# [Task]
One range is to be output from the listing below, exactly as written: the line with "MKP Collection Woman's" to the line with "Sky garden di", both kept.
======== Supplied records
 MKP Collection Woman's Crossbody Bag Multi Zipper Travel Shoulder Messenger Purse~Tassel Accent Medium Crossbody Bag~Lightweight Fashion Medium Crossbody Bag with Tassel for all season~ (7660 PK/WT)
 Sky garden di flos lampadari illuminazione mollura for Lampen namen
================
======== Supplied records
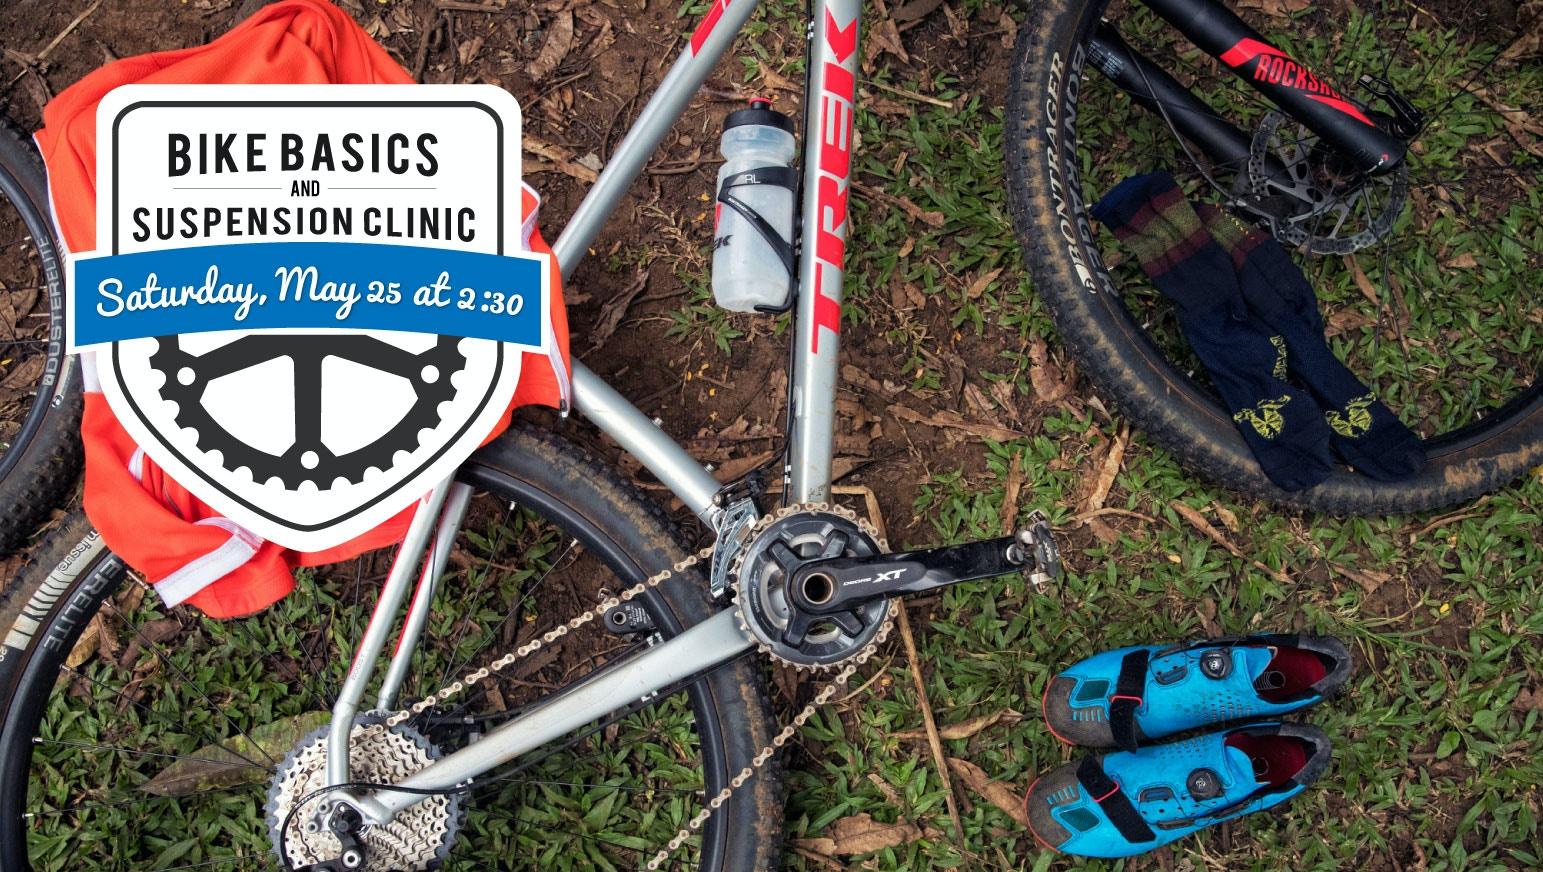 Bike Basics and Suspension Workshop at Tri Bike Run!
================
======== Supplied records
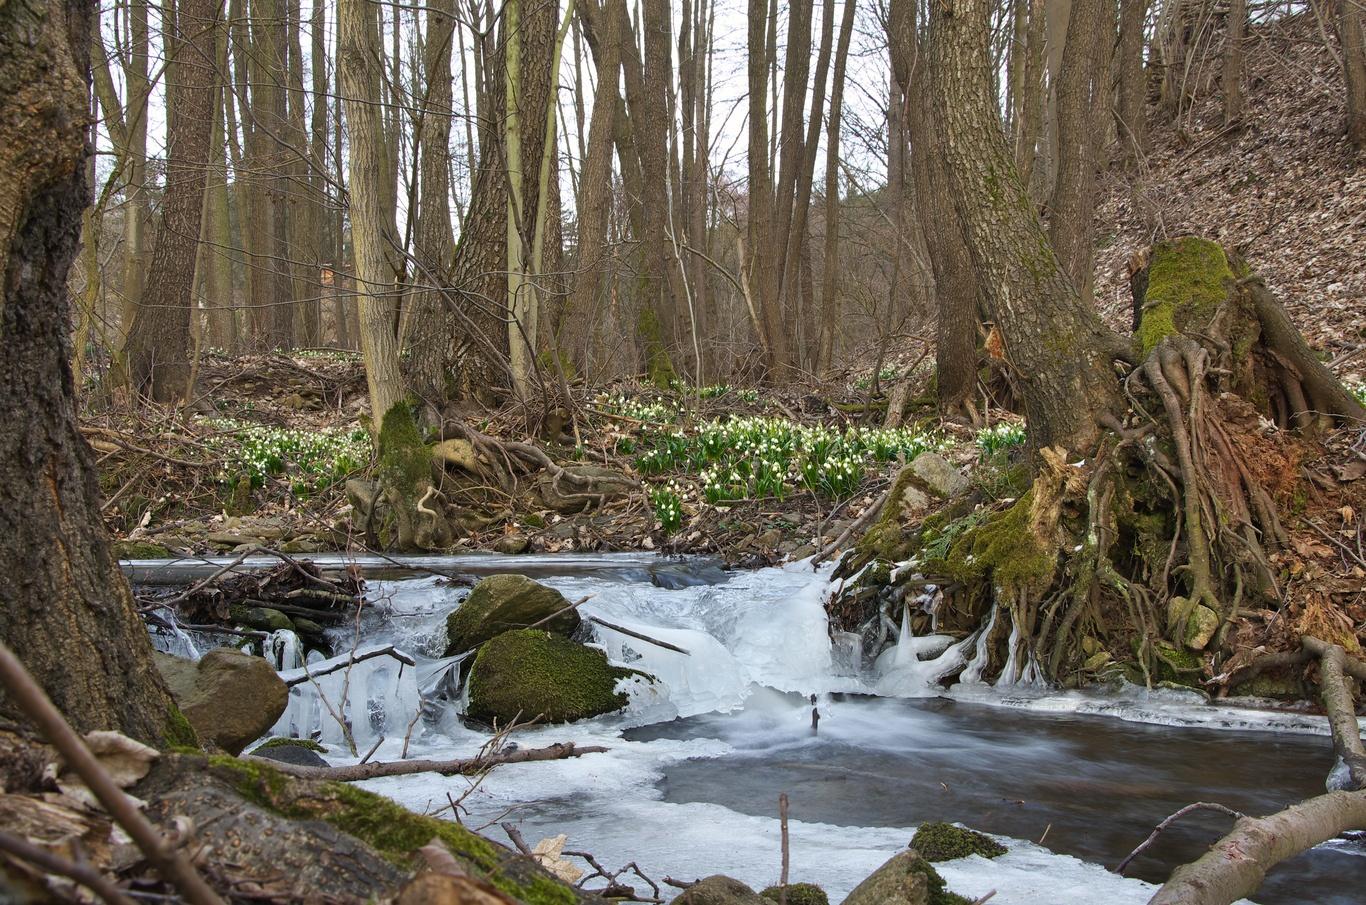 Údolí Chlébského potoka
================
# [Solution to the exercise]
 MKP Collection Woman's Crossbody Bag Multi Zipper Travel Shoulder Messenger Purse~Tassel Accent Medium Crossbody Bag~Lightweight Fashion Medium Crossbody Bag with Tassel for all season~ (7660 PK/WT)
 Sky garden di flos lampadari illuminazione mollura for Lampen namen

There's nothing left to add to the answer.